Serve freshly grated Parmigiano Reggiano cheese, the cooked chopped pancetta, and fresh basil on the side that each person can use to garnish their plates as they like.

Buon appetito!

*a note on the olives- I like using whole olives that still have the pit in them. I find the texture of the olives, and the flavor are much better than the same brand and variety of olives that have been pitted. When I was in Italy, all of the olives that were used in recipes (baked in breads, used in salads, etc.) all contained pits. It’s just what they are used to—they expect olives to have pits.
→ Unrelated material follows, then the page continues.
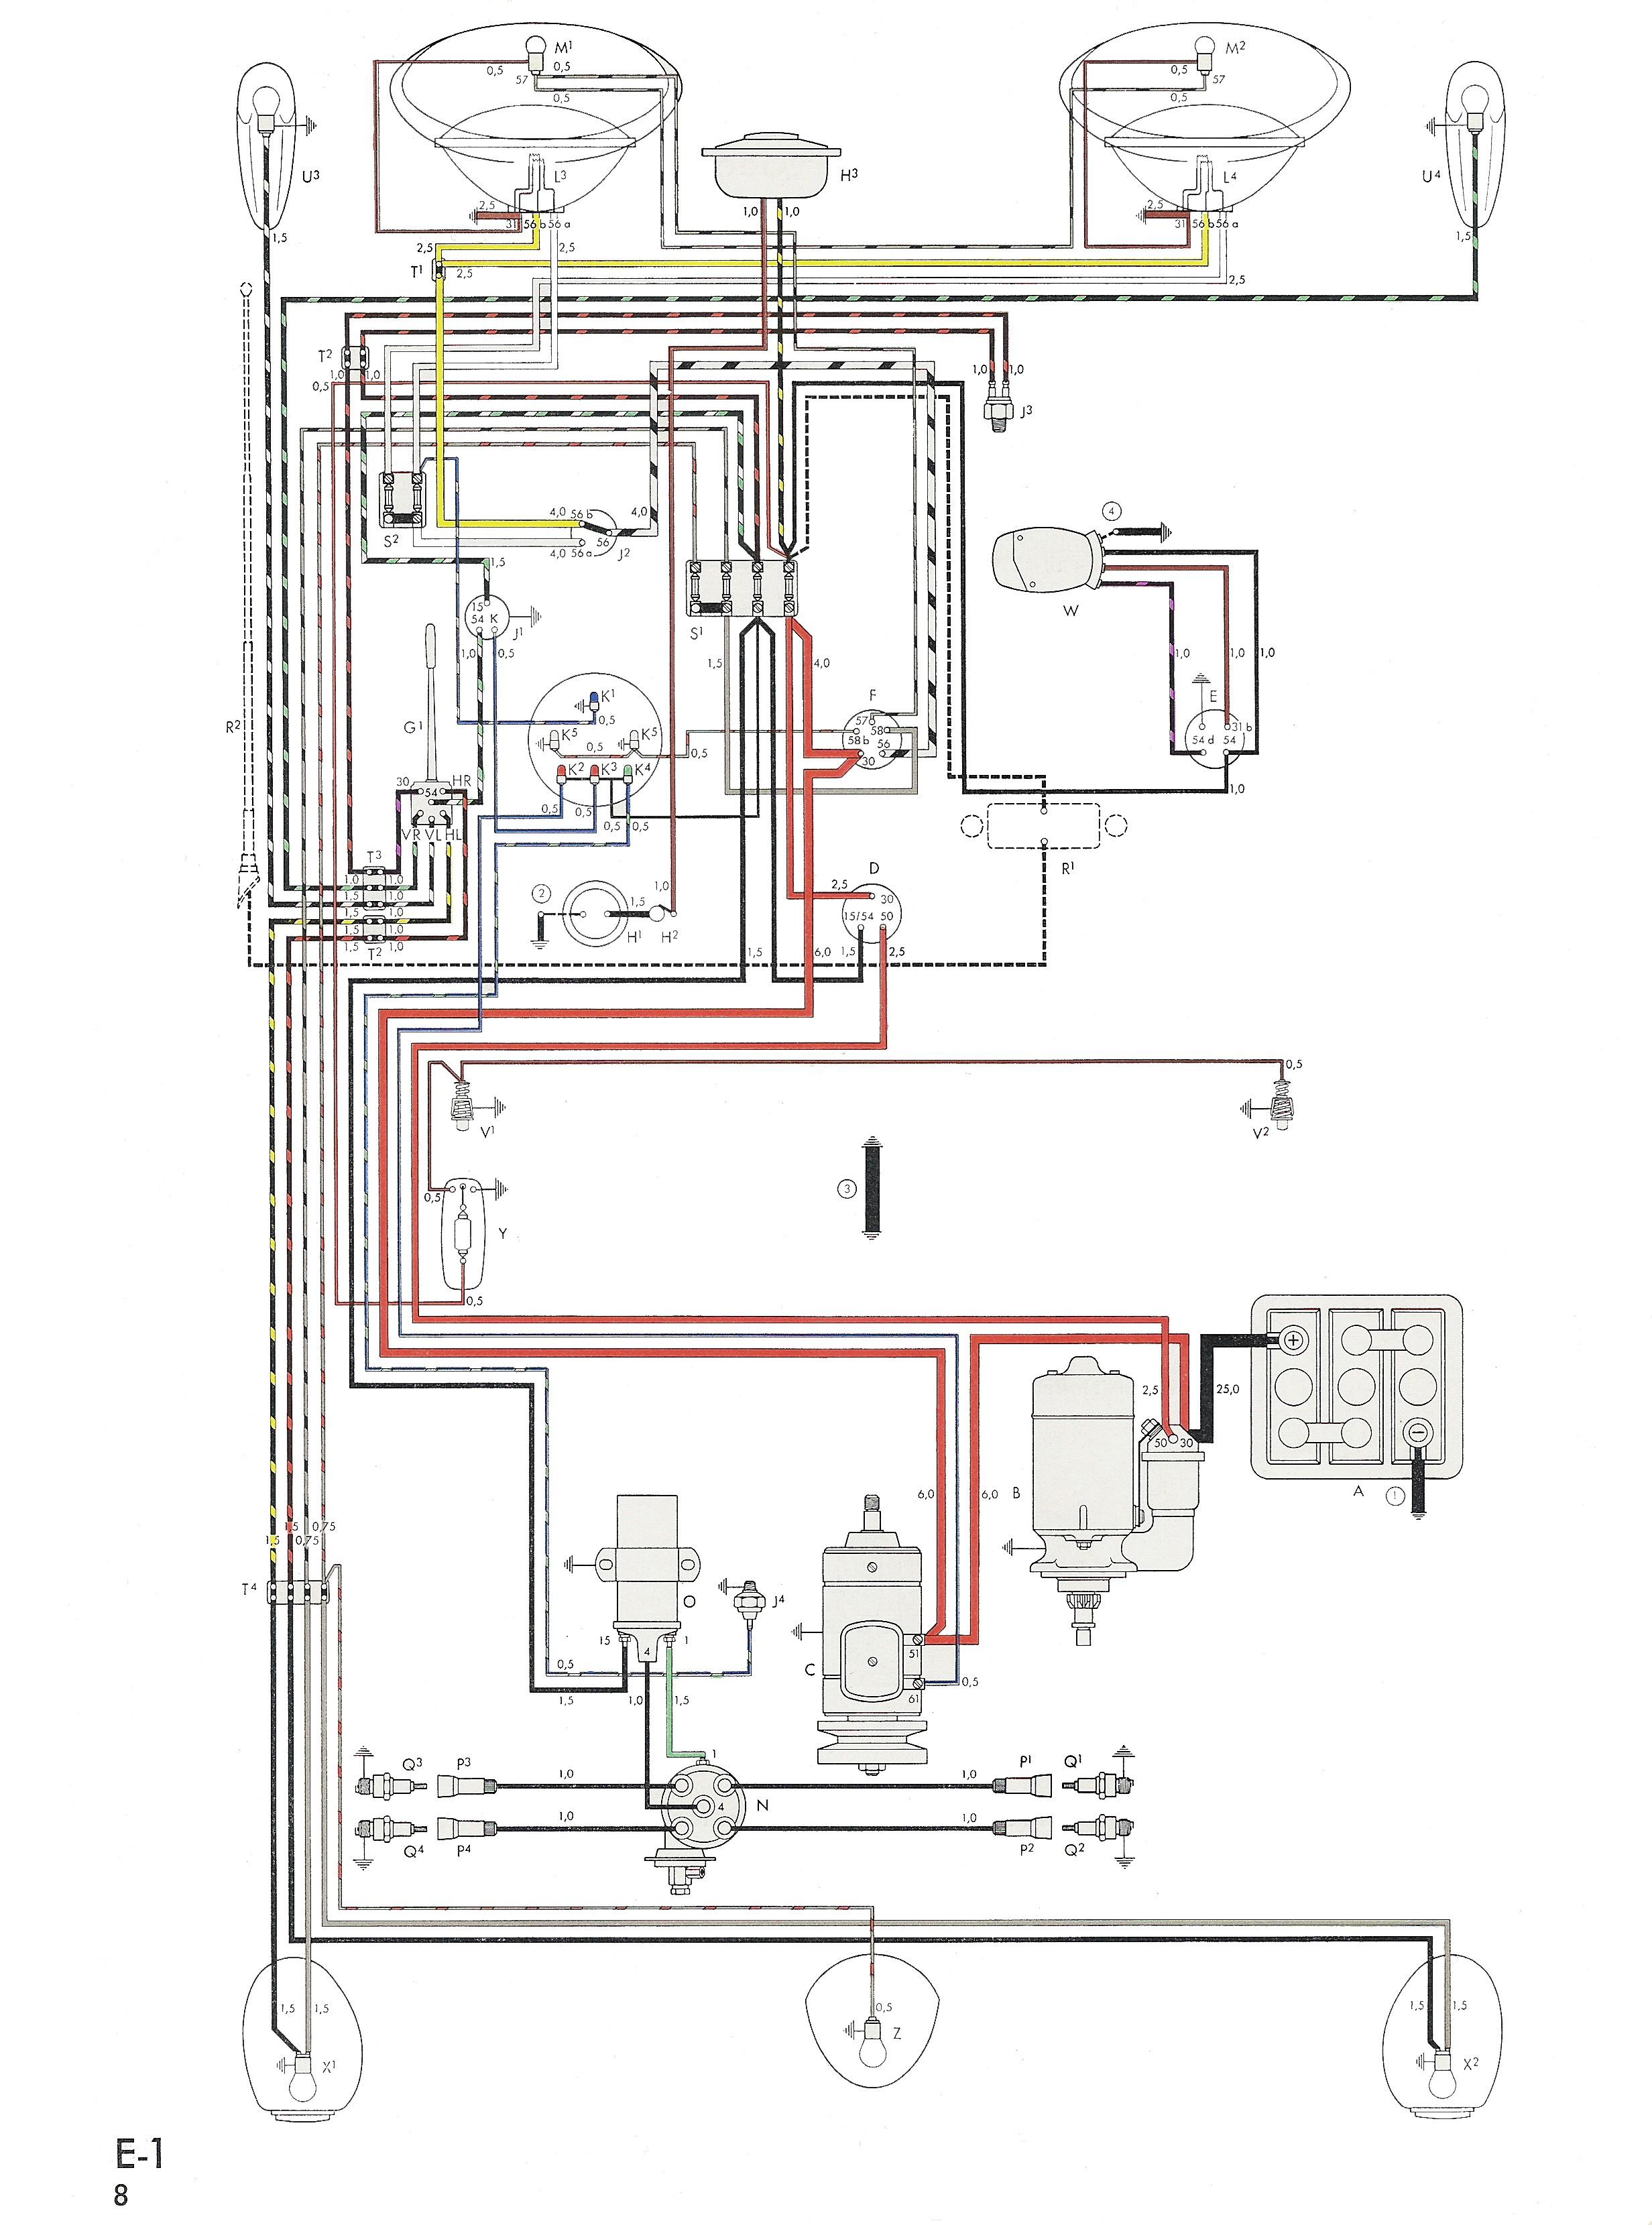 2001 Vw Jetta Engine Diagram 58 Vw Alternator Wiring Another Blog About Wiring Diagram • Of 2001 Vw Jetta Engine Diagram

Here in the U.S., we’ve often made culinary choices that favor convenience over flavor, and most people would find an olive pit an unexpected and unwelcome visitor in a pasta dish. I actually think it helps me to follow my own commitment to eating more slowly and really savoring the food that I eat. I have to focus a bit more on what I am putting in my mouth, and eat a little more slowly, but the payoff is that I feel more satisfied after the meal. I’d make sure to warn your guests that there are pits in the olives.

**A note about freshly grated Parmigiano Reggiano. Fresh grated cheese is better, and it doesn’t have to be a chore. The pasta grater that I show in the photos is one of the graters that I discovered at the retail shop for Roncadella. The Consorzio Parmigiano Reggiano supplies these, and Marissa the cheese maker from Roncadella, gave us one along with some cheese samples when we visited. Because of that, I requested they ship us some to sell at the Deli. I love this grater and find it easier to use than a traditional four-sided box grater, or the newer style micro planes. The handle is large enough and long enough to grasp easily, and it makes grating fresh Parmigiano Reggiano simple and easy, plus it’s easy to clean. You can just bring the grater and a hunk of cheese to the dinner table on a plate and pass it around. No time spent in the kitchen grating cheese, and no left-over pre-grated cheese, because you overestimated or running back to the kitchen because you underestimated! The design of the grater allows it to hold the cheese as you grate it. You can grate almost a ¼ cup of cheese into this grater at one time and then sprinkle it over anything and everything—pasta, soups, salads. You may end up with a hunk of Parmigiano Reggiano on your table at every meal!